**Problem to work on**
The listing below should be reproduced precisely, except for its images.

**Data**
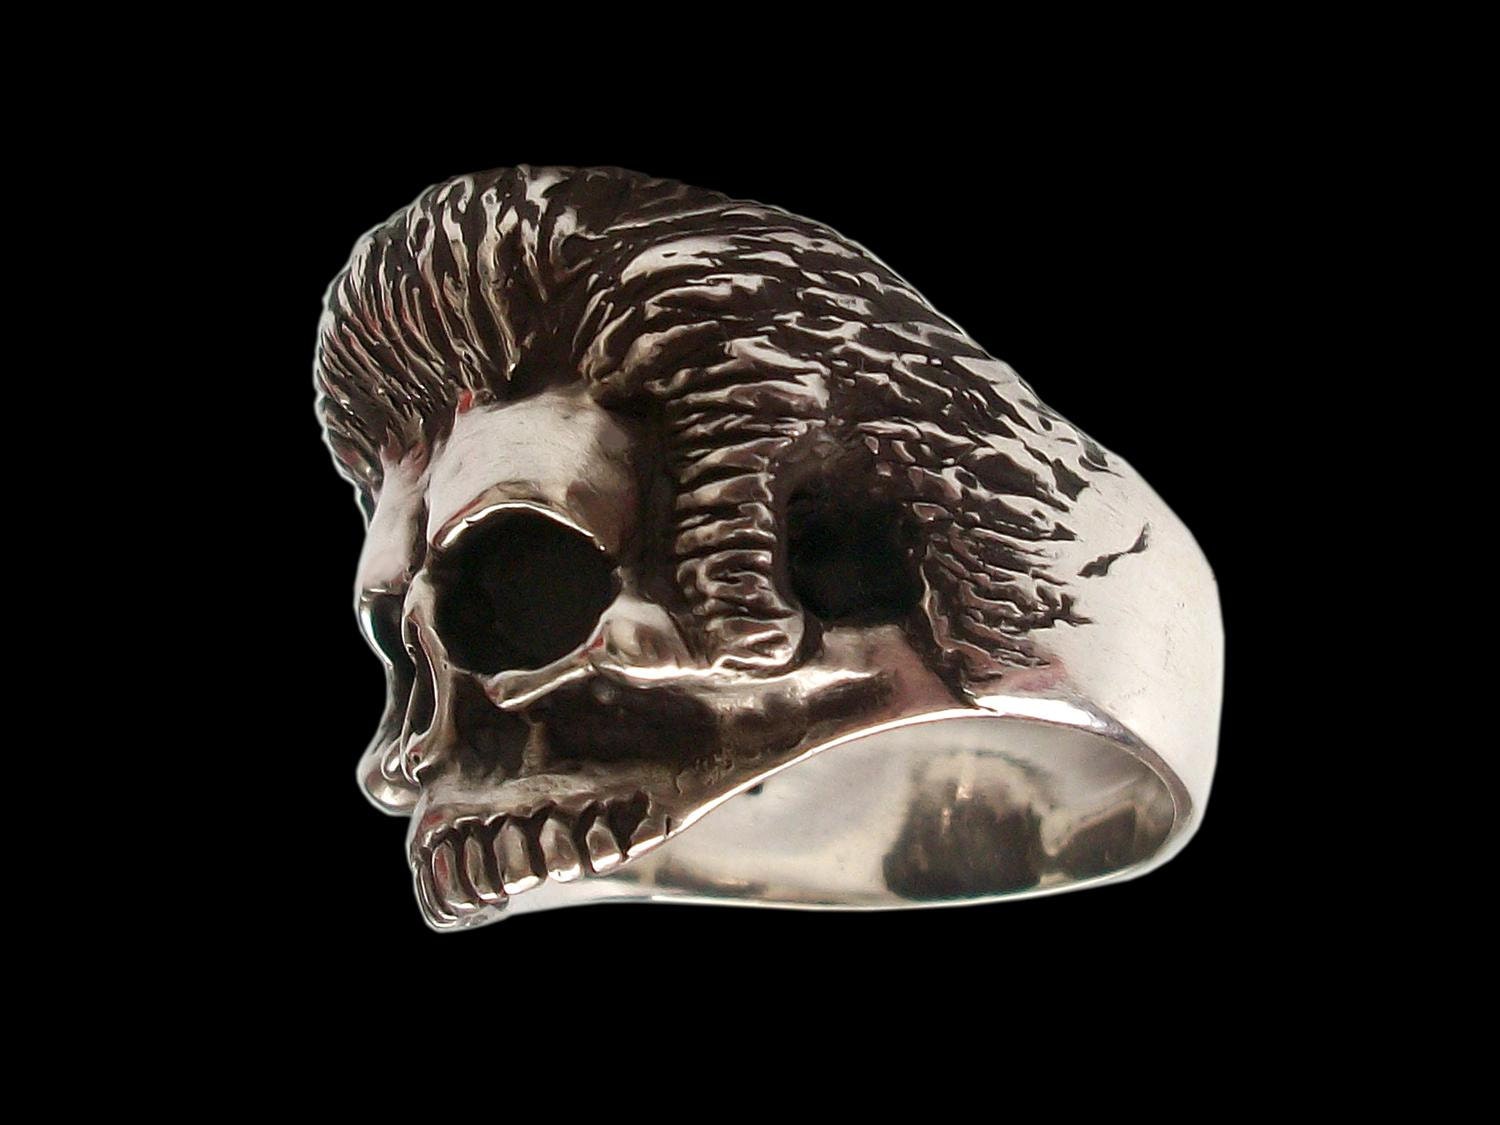 Skull ring - Sterling Silver Elvis Presley Skull Ring - ALL SIZES
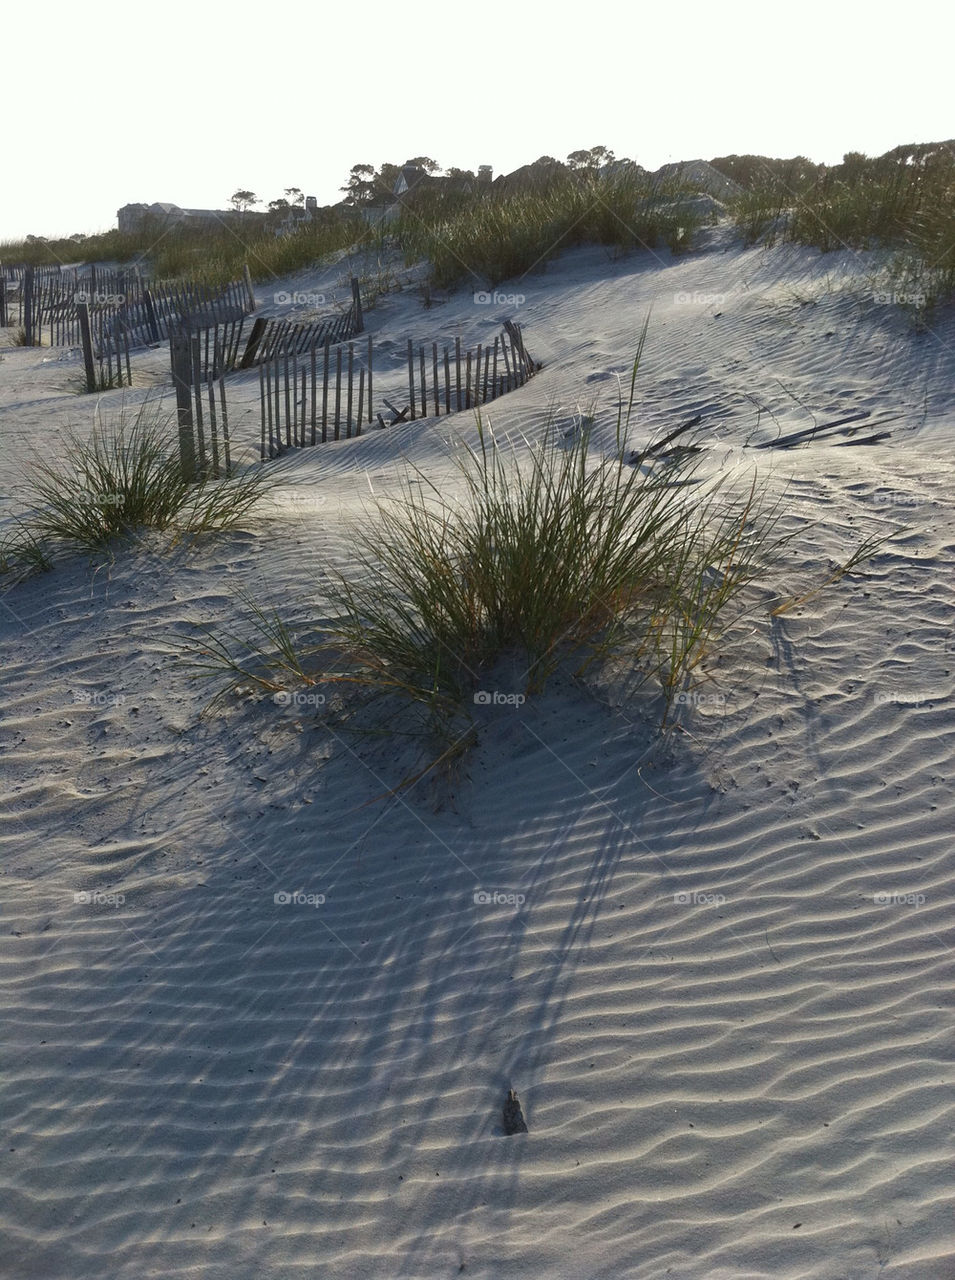 beach grass fence sand by tplips01
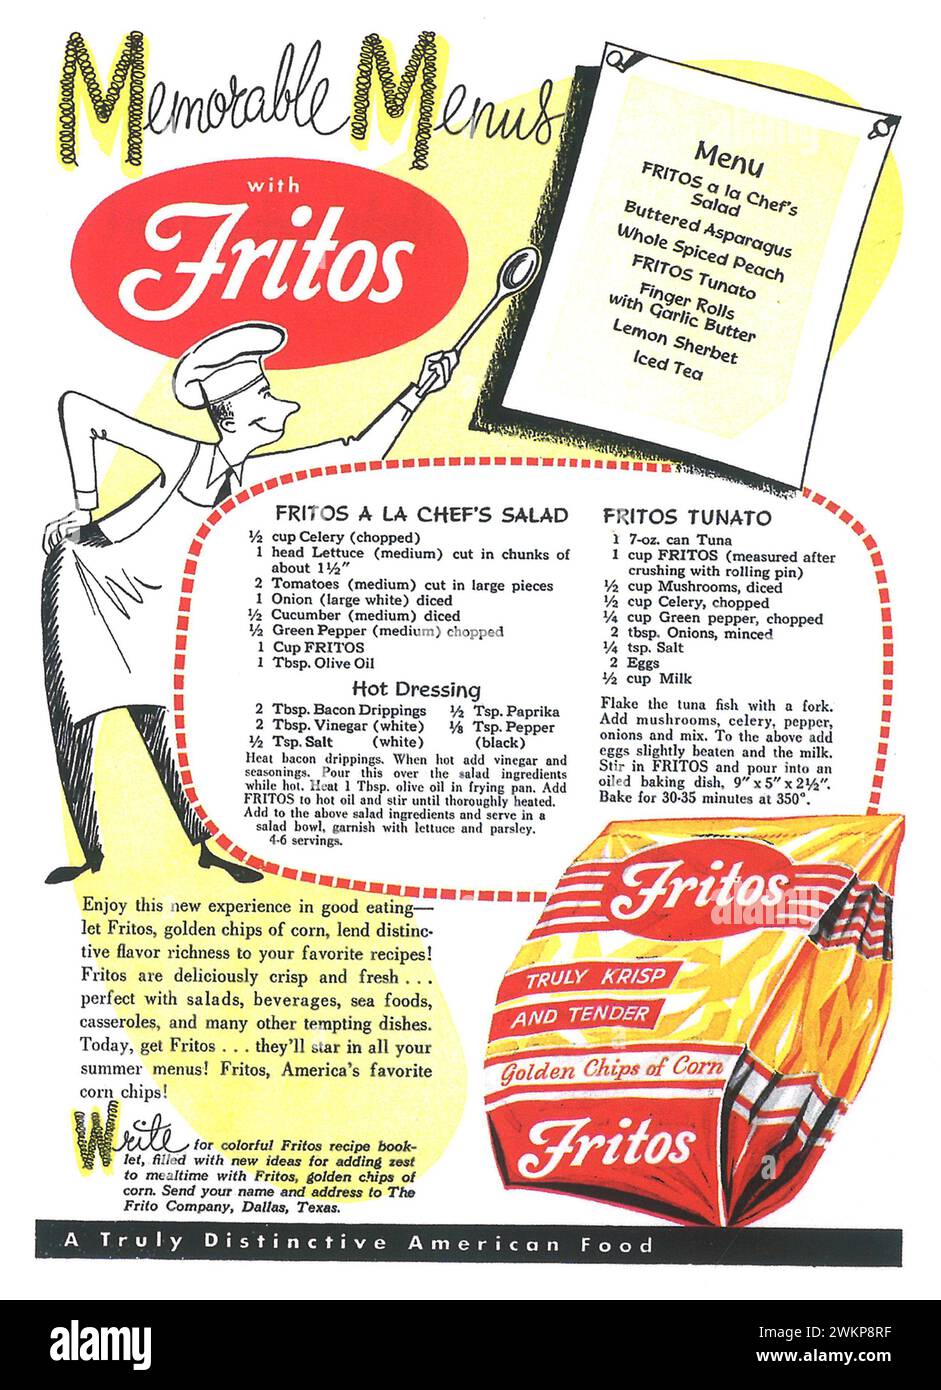 Annuncio a stampa 1950 Fritos Golden chips of corn Foto Stock

**The completed task**
 Skull ring - Sterling Silver Elvis Presley Skull Ring - ALL SIZES
 beach grass fence sand by tplips01
 Annuncio a stampa 1950 Fritos Golden chips of corn Foto Stock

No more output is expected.